◆ TASK DESCRIPTION
Under this line is a listing; return exactly the lines starting at the one with "polnaya-blondinka-sverhu-liza-ann-porno-milf-onlayn" and running down to the one with "Quiet street of", and leave out its pictures.

◆ RAW DATA
>>

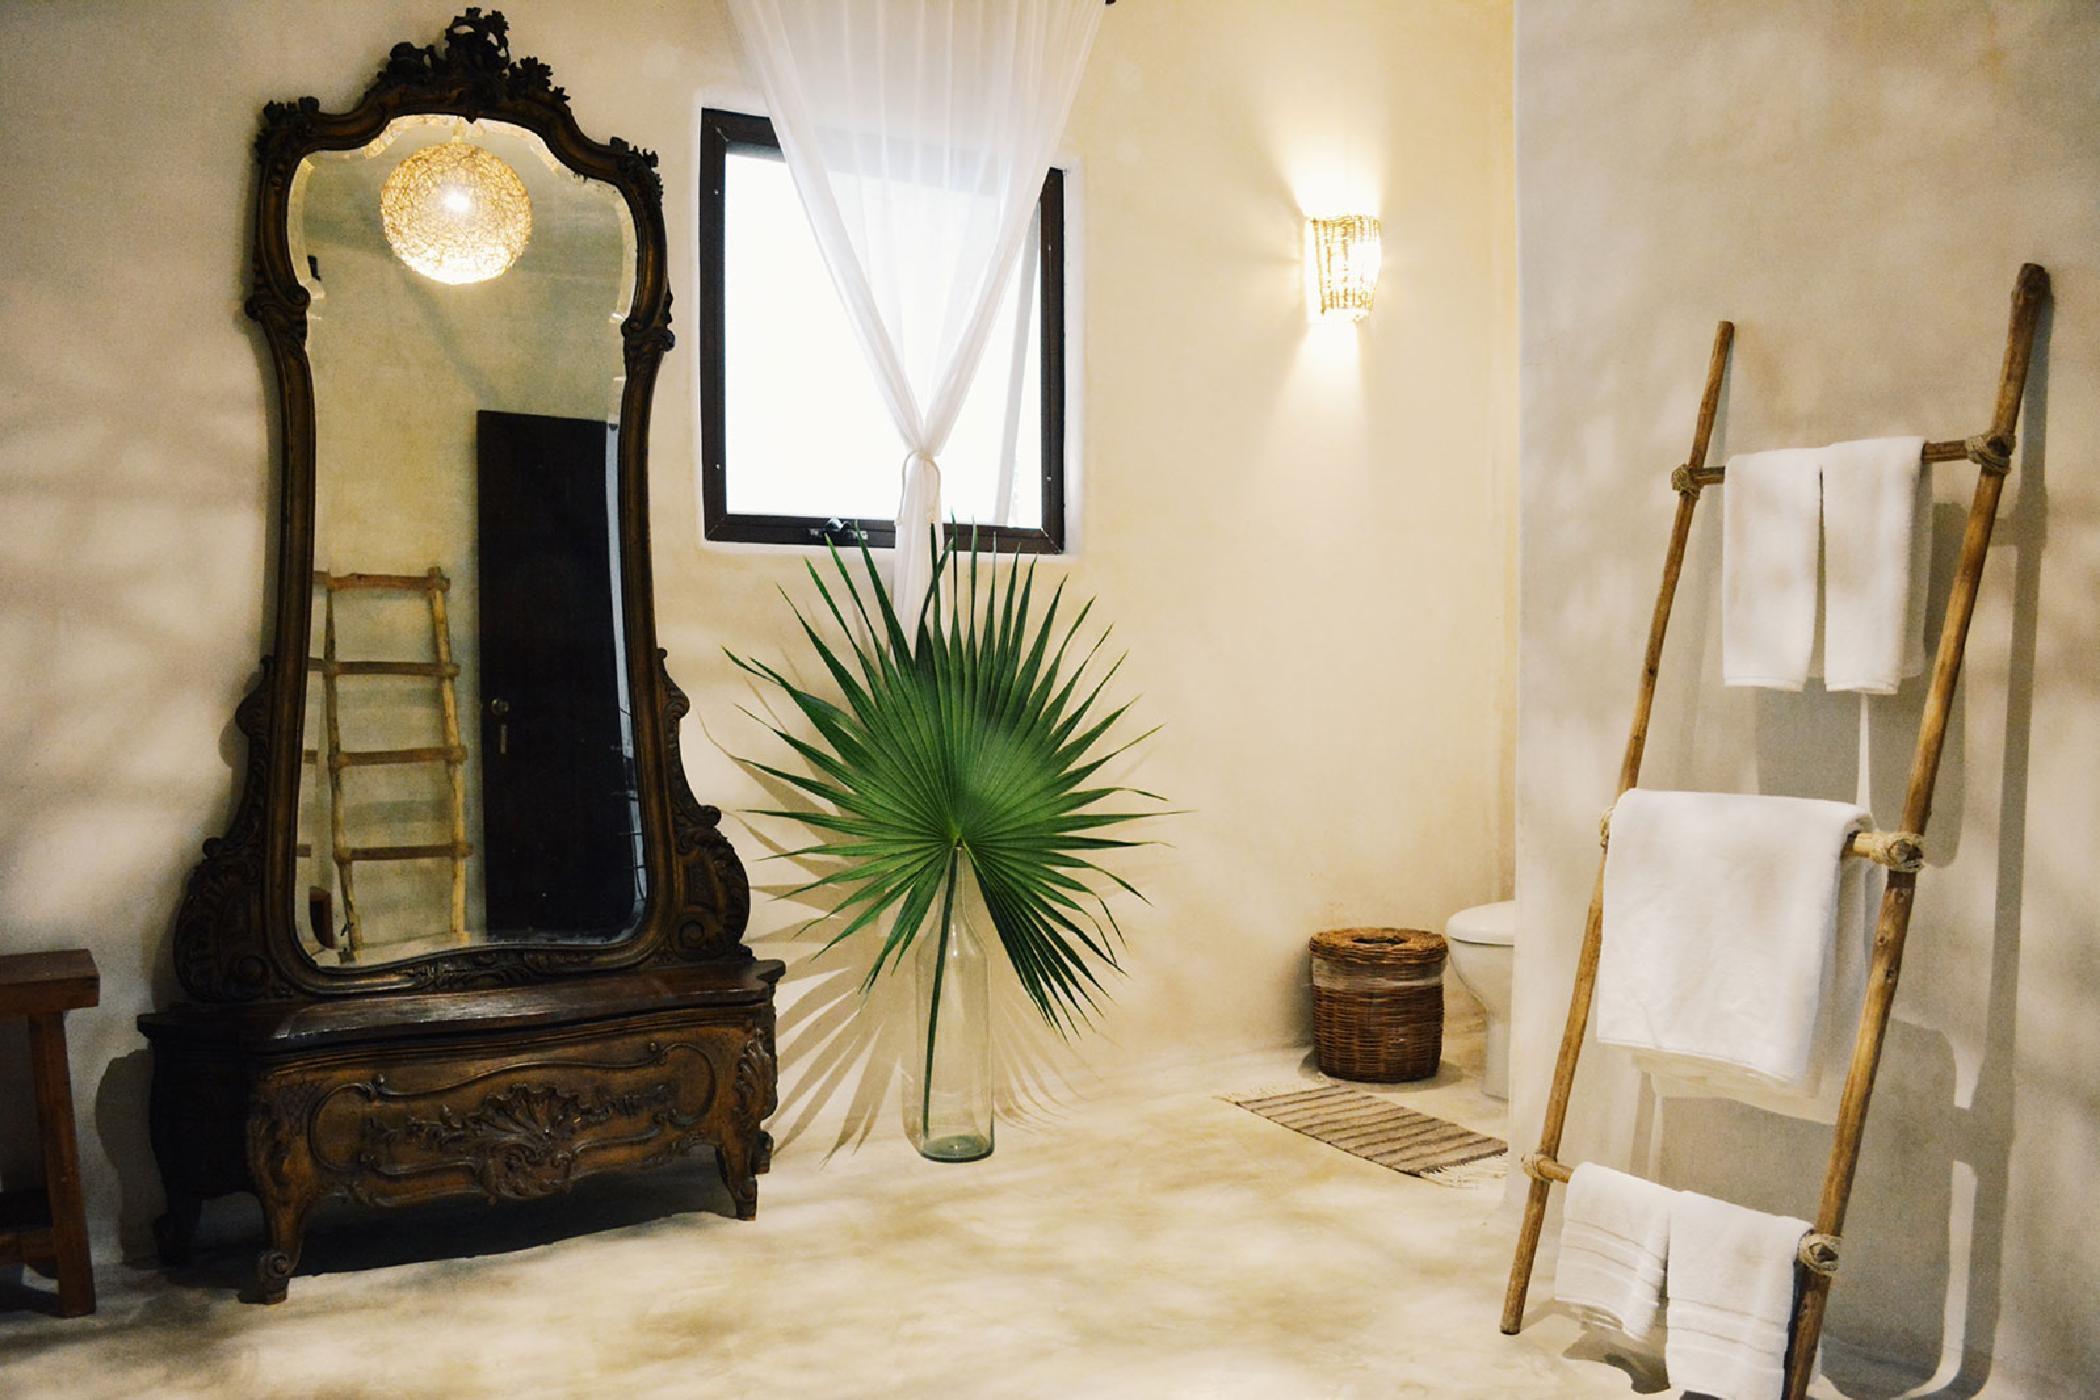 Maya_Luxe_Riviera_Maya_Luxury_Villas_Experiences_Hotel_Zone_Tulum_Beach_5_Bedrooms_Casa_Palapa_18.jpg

<<
>>

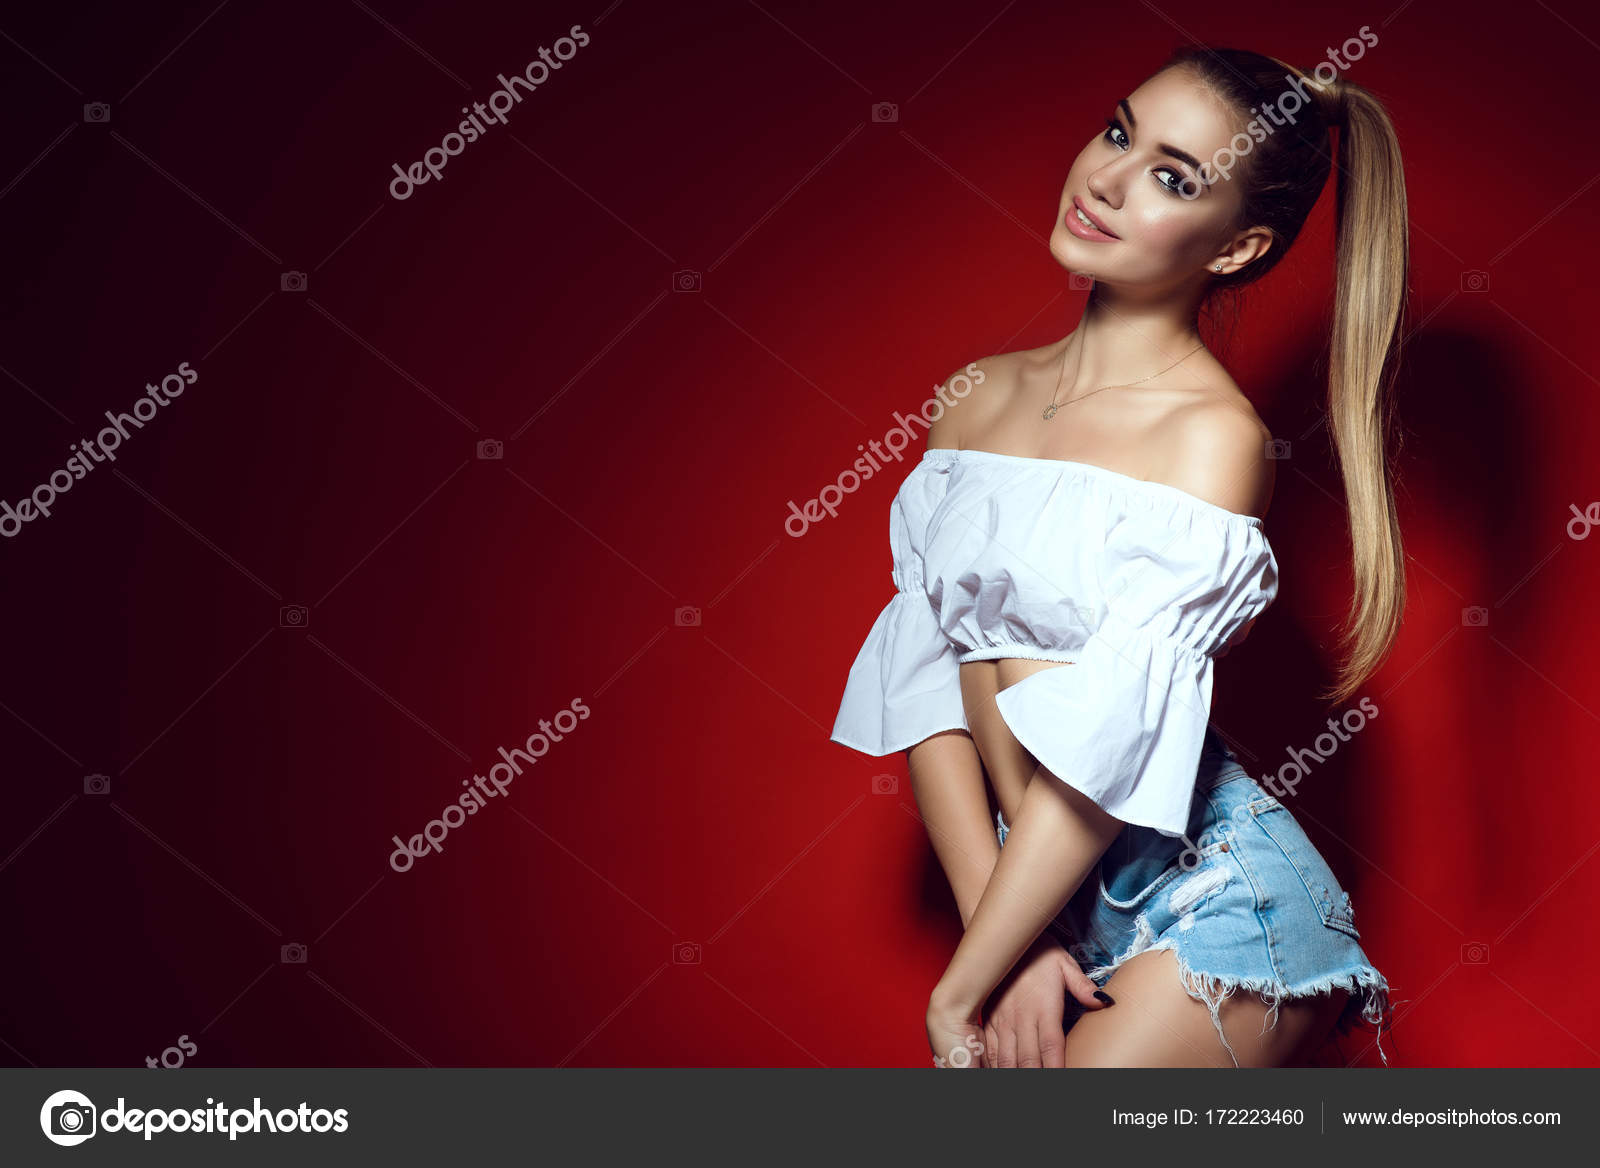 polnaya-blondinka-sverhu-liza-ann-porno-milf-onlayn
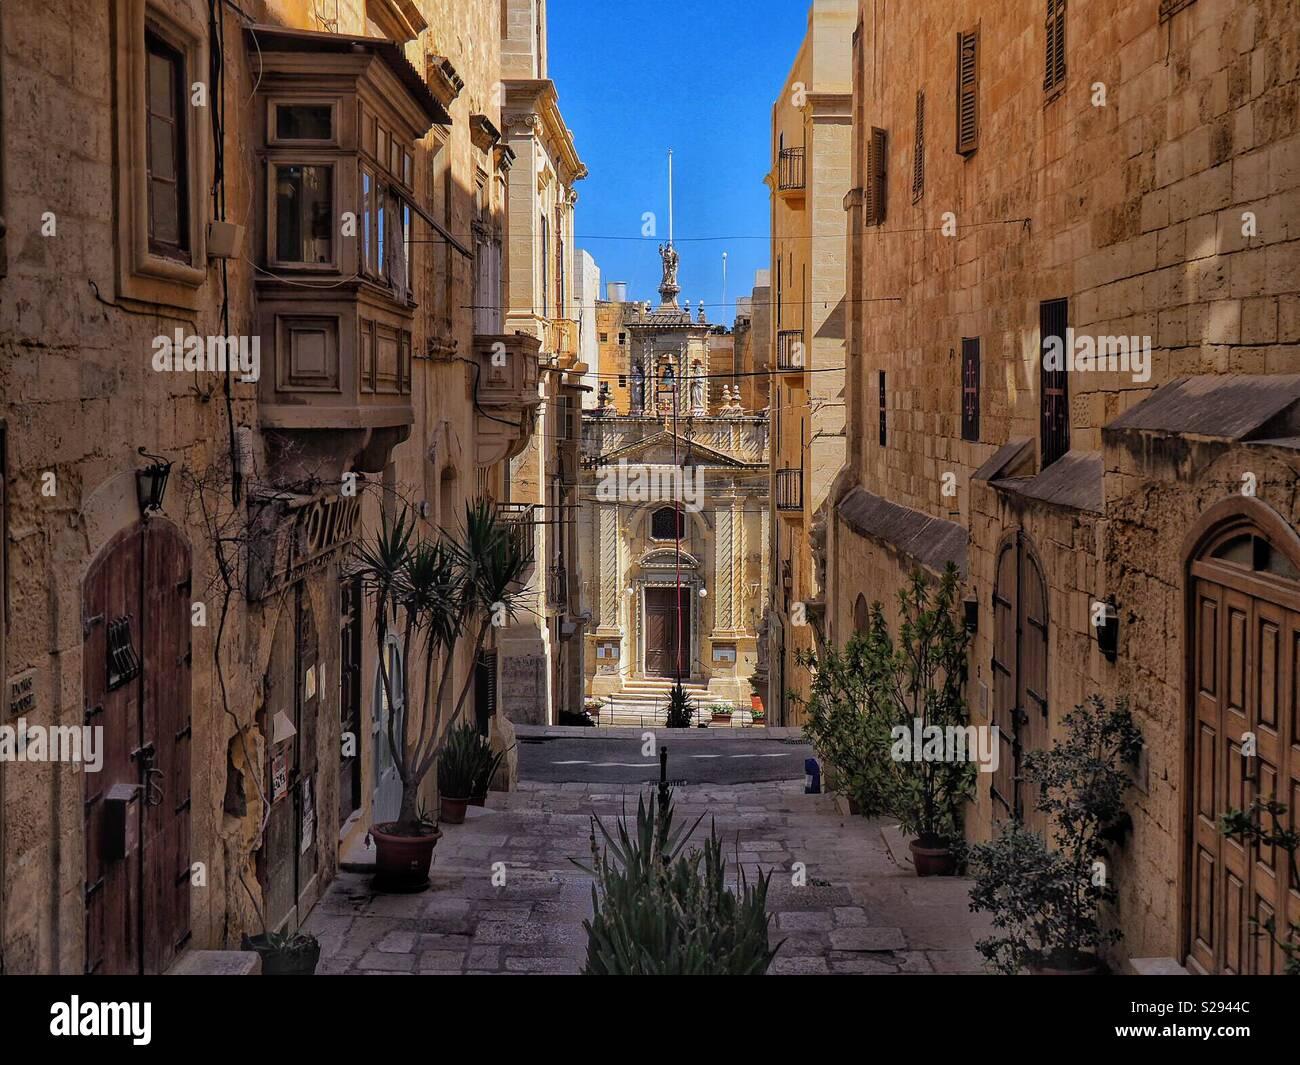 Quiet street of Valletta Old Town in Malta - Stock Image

<<

◆ TASK RESULT
 polnaya-blondinka-sverhu-liza-ann-porno-milf-onlayn
 Quiet street of Valletta Old Town in Malta - Stock Image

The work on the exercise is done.